Filling a PBO with multiple threads

I allocate a single PBO, map it, and want to use multiple threads to fill faster than it could be filled with a single thread.

Are there any problems or performance issues related to this?

The only thing I can think of, is that you must have NumThreads less or equal NumCPUs as each CPU has a write combiner cache and if you have two threads on the same CPU you’ll screw up the write combining. (Or are write combiner caches not per CPU, but per something else?)

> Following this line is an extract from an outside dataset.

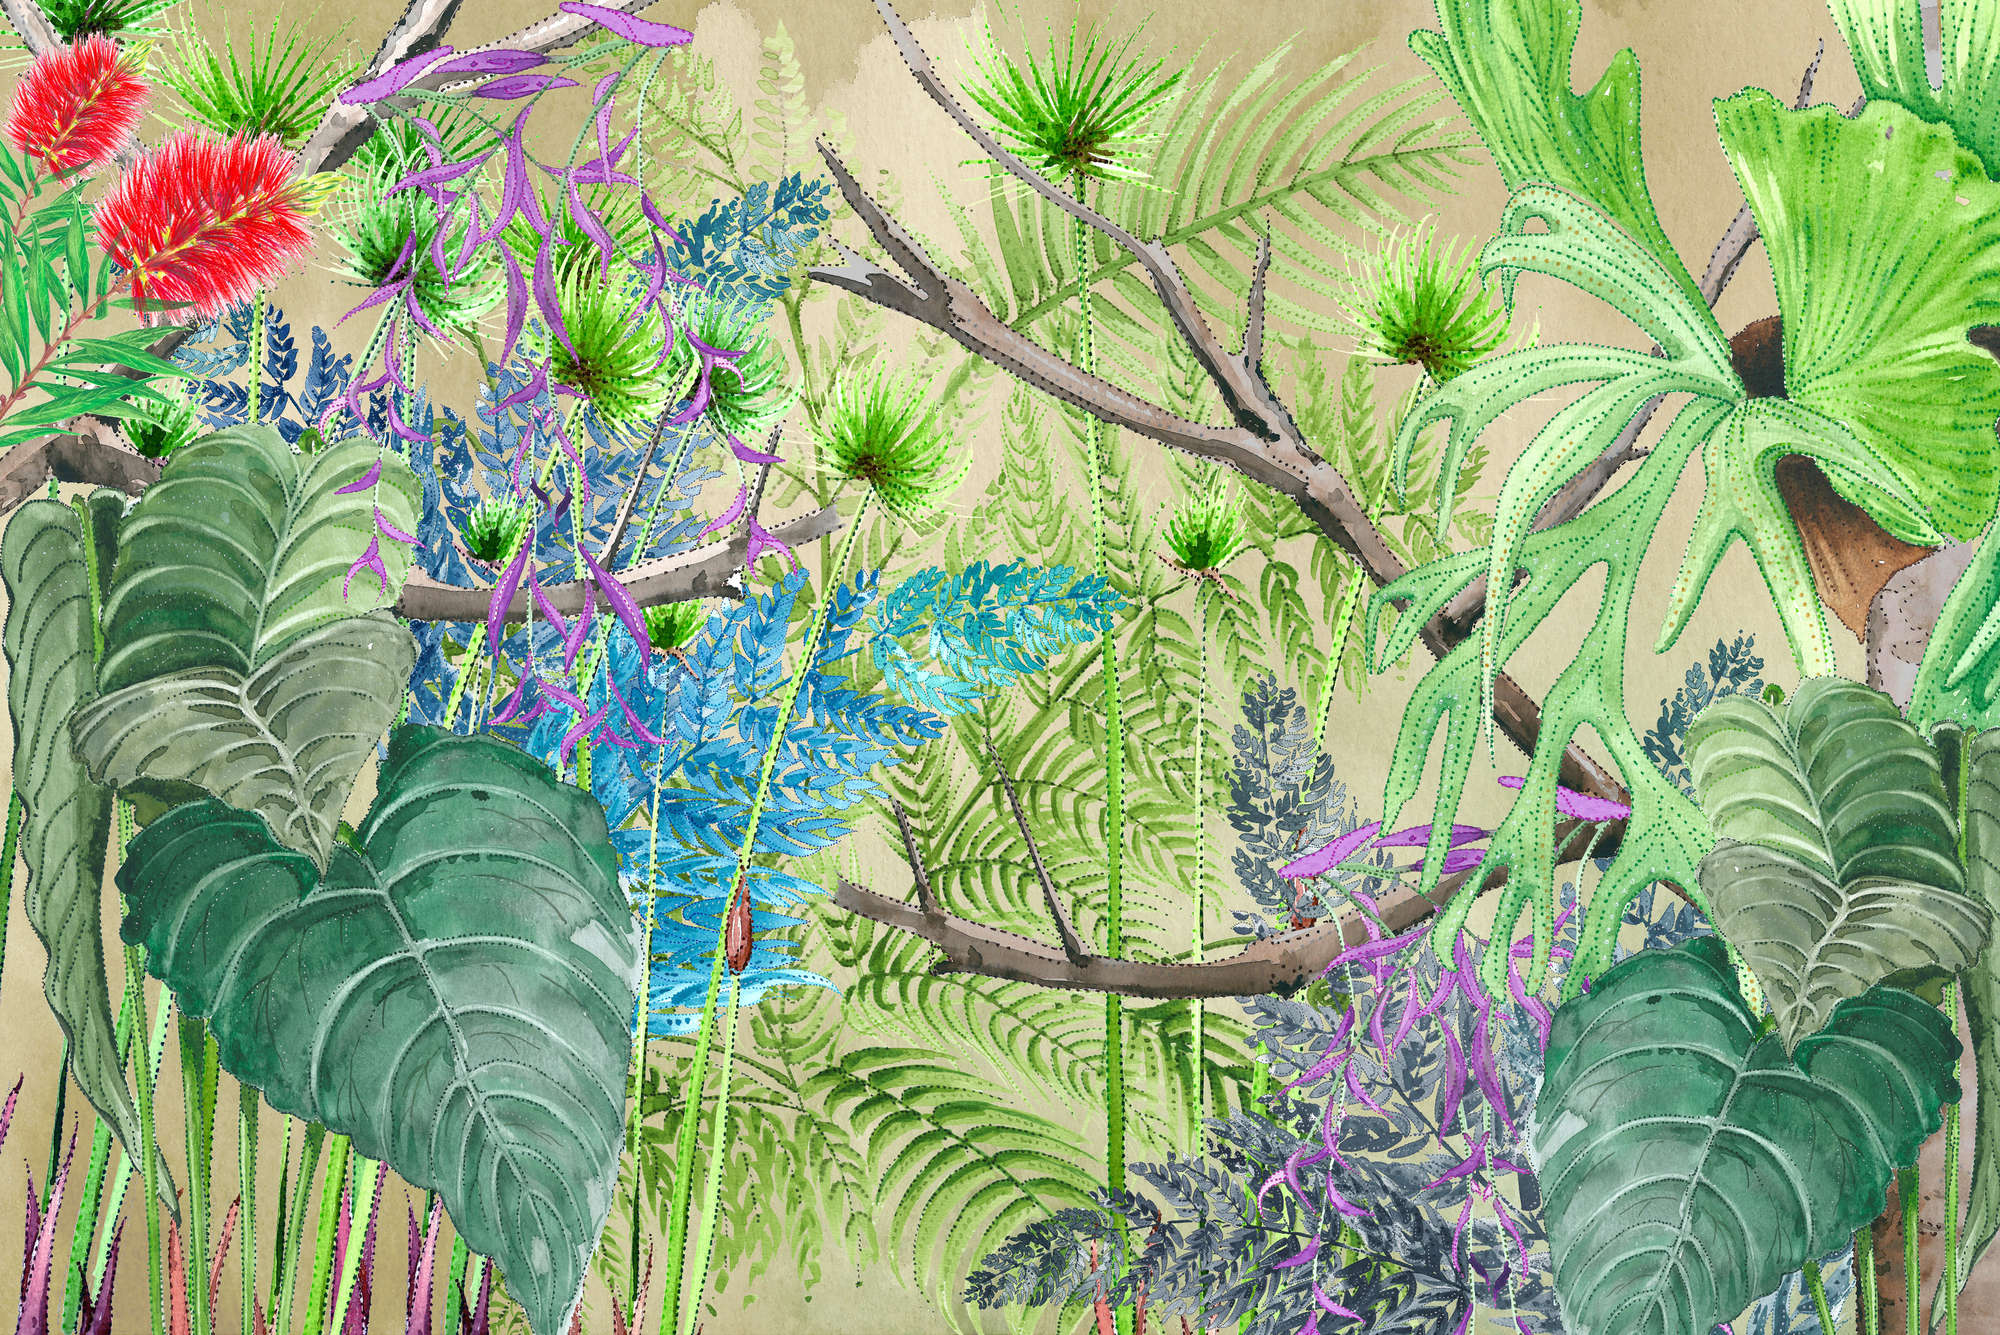             Papel pintado selva con flores en azul y verde sobre vellón liso mate

Does anyone know if dual core architectures have a write combiner per core?

Just don’t.

Your CPU can write to its caches at tens of GB/s.
Data can go from the CPU to the chipset at no more than 6.4GB/s. Data can travel across AGP at no more than 2GB/s (and a little more for PCIe). So what’s the max bandwidth when moving data from the CPU to graphics memory? Surely that’s determined by the slowest link in the chain, which happens to be AGP or PCIe, unless of course you’re not actually working with a PC architecture.

Pardon my French, but what in the heck are you thinking? You’re trying to widen a bus bottleneck by throwing more CPU at it, all while the CPU is the least of all problems when it comes to data movement. This just can’t work.

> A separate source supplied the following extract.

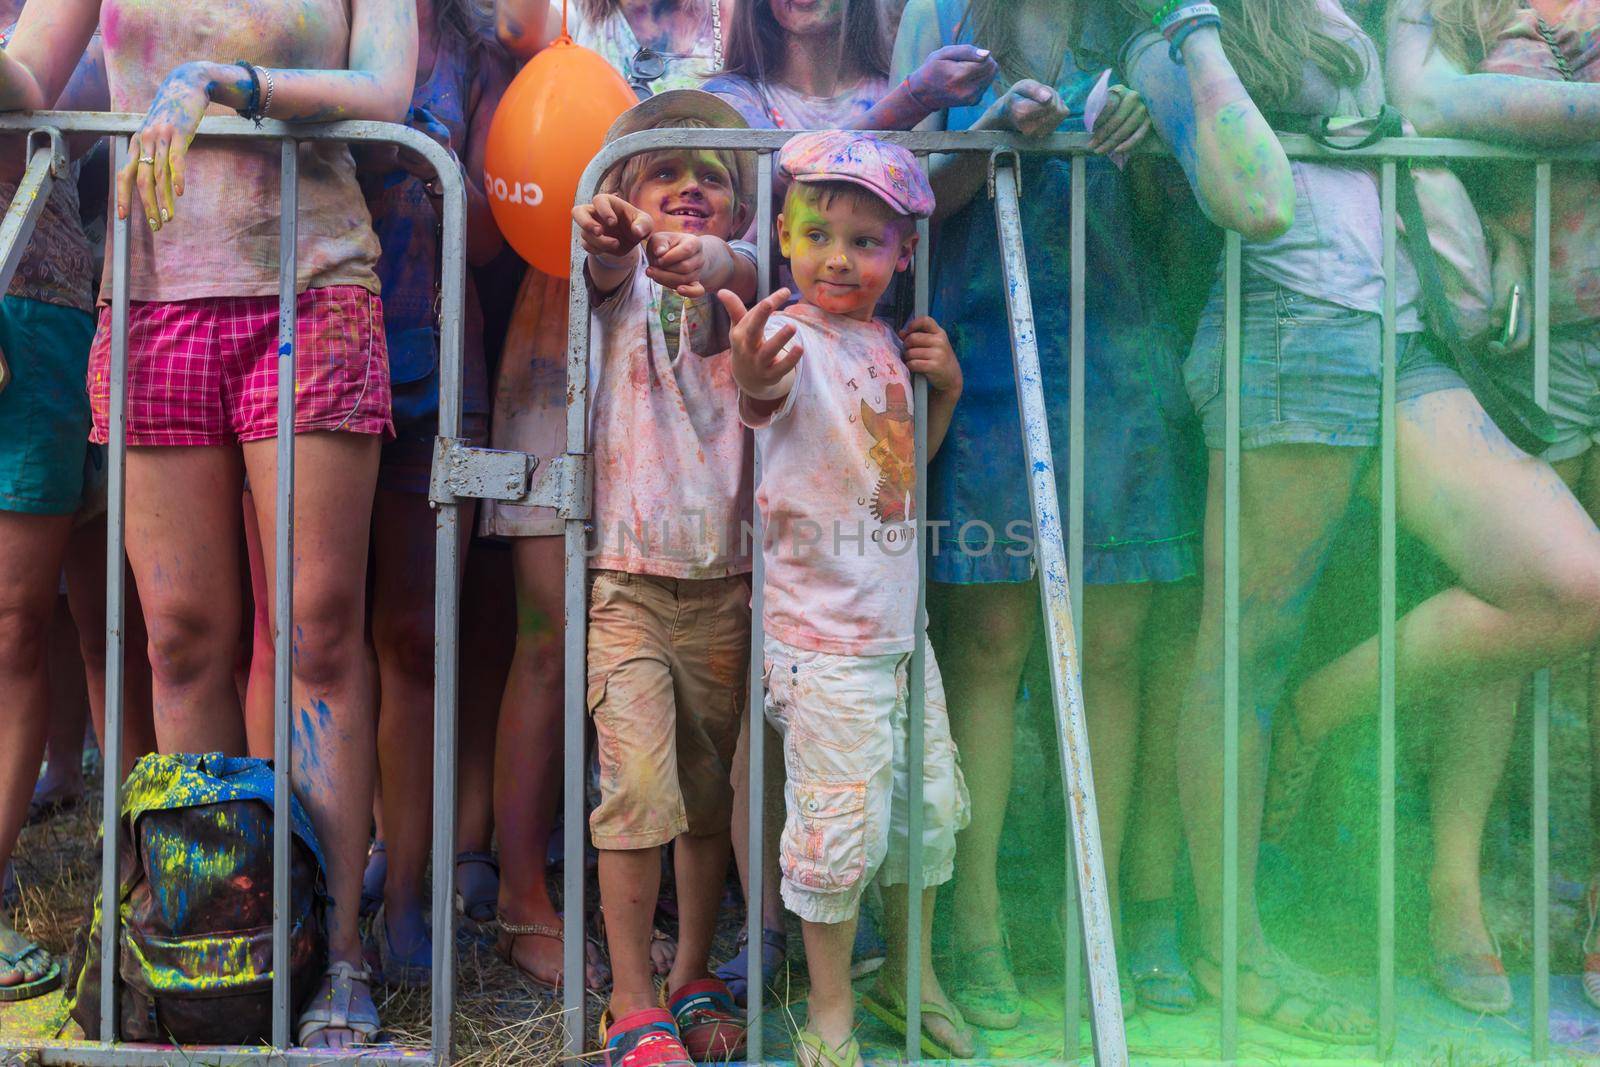 Festival of colors ColorFest by palinchak

I’m using Nvidia’s PBO upload/download test app to find the max bandwidth, and I’m trying to match that. Right now, our CPU usage is maxxed while doing uploading, so I know its a CPU limitation. Two CPUs can generate the data twice as fast.

Summary: our application is not limited in memory bandwidth or AGP bandwidth, but rather how fast the CPU can generate the data and fill the PBO.

Also curious if anyone knows if graphics hardware has special hardware to convert float32 <–> float16 or it uses the host CPU(s) to do it?